La ignoré, subiendo el primer escalón a trompicones, mi pie resbaló como si la maleta me arrastrara hacia abajo. —¡Y-Ya la tengo…! —Jadeé, con la cara sonrojada, y el sudor (o sudor fingido) perlaba mi frente.

Mi camisa se pegaba a mi espalda, manchas de humedad se extendían bajo mis brazos, mi pecho subía y bajaba como si acabara de correr un maratón.

—¡Dexter, para…! —Diana descruzó los brazos, su sonrisa burlona se desvaneció, dando paso a la preocupación—. ¡Te vas a hacer daño…!

—¡N-No…! —Gruñí, arrastrando la maleta un escalón más, con las rodillas temblando, mi mano libre agarrando la barandilla como si fuera lo único que me mantenía en pie.

—¡P-Puedo hacerlo! —Mi voz sonaba forzada, desesperada, mi respiración salía en ráfagas cortas y agudas.

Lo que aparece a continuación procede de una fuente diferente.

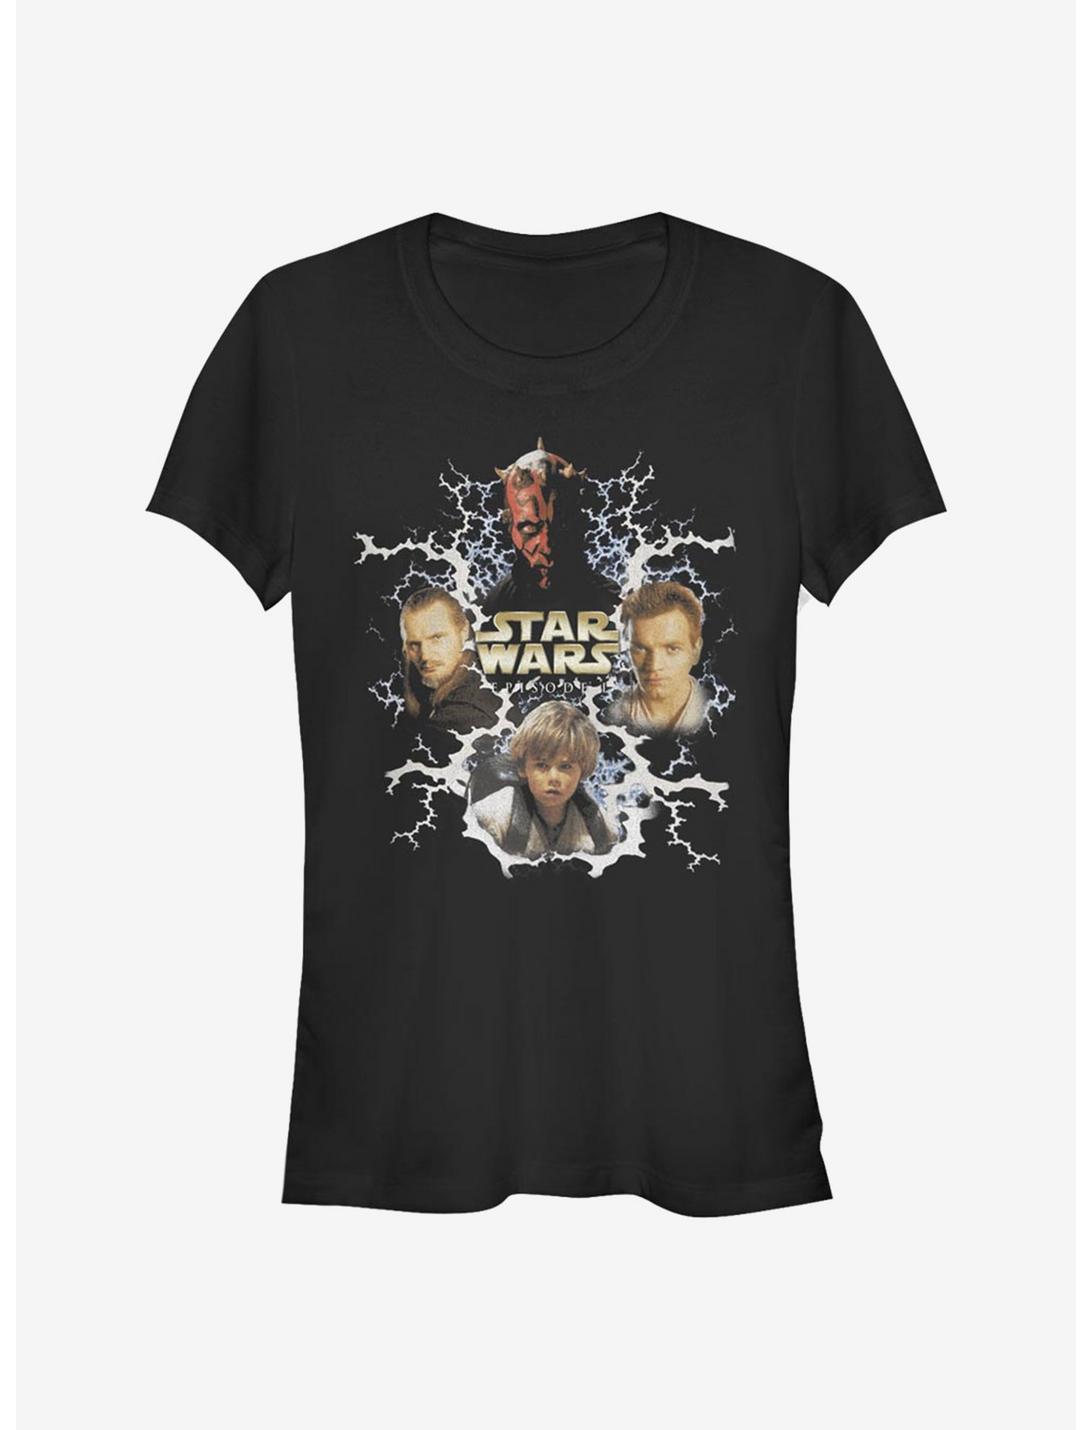 Star Wars Vintage Episode One Girls T-Shirt, BLACK, hi-res
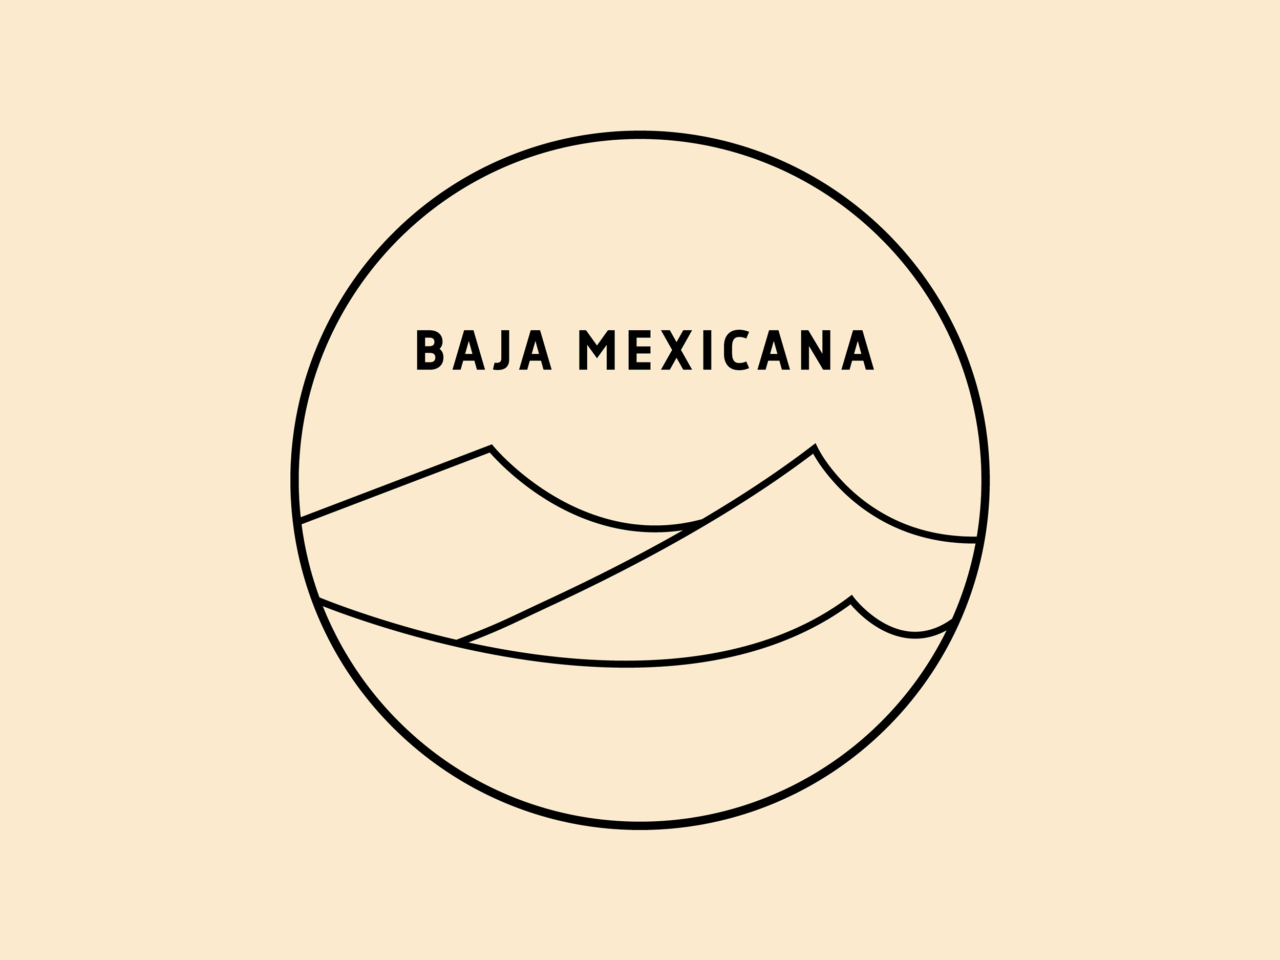 Baja Mexicana

Los labios de Diana se apretaron en una fina línea, sus dedos se retorcían. —¡Dexter…!

No la escuché.

Con un último y dramático esfuerzo, arrastré la maleta los últimos escalones, mis piernas temblaban, todo mi cuerpo se estremecía por el «esfuerzo». Me derrumbé en el rellano, la maleta cayó con un golpe sordo a mi lado, mi pecho subía y bajaba como si acabara de librar una guerra.

—¡Ya está…! —Jadeé, limpiándome la frente con el dorso de la mano, mi cara una máscara de pura y lastimosa determinación—. Una menos…

Diana se quedó helada al pie de la escalera, con los ojos muy abiertos y la mano apretada contra el pecho. —¡Tú…! ¡Tú eres un completo…! —Resopló, subiendo los escalones a grandes zancadas, sus tacones resonando con fuerza—. ¡Estás siendo ridículo…!

Ni siquiera la dejé terminar.

Con un gemido, alcancé la segunda maleta, levantándola con un grito ahogado, todo mi cuerpo se sacudía bajo el «peso».

—¡Nnngh! ¡Esta es…! ¡Oh, Dios mío…! —Mis rodillas casi cedieron, mi cara se contrajo en una mueca de agonía, mi respiración salía en jadeos sibilantes y lastimeros.

—¡Dexter, PARA…! —Diana se abalanzó hacia mí, su voz era aguda, sus manos se extendían en mi dirección—. ¡Te vas a desmayar…!

—Puedo con ella. —Gimoteé, subiendo las escaleras a trompicones, con los hombros encorvados, todo mi cuerpo temblando por el «esfuerzo».

—No pesa tanto. —Mi voz se quebró, mi mano libre se aferraba a la barandilla con tanta fuerza que mis nudillos se pusieron blancos.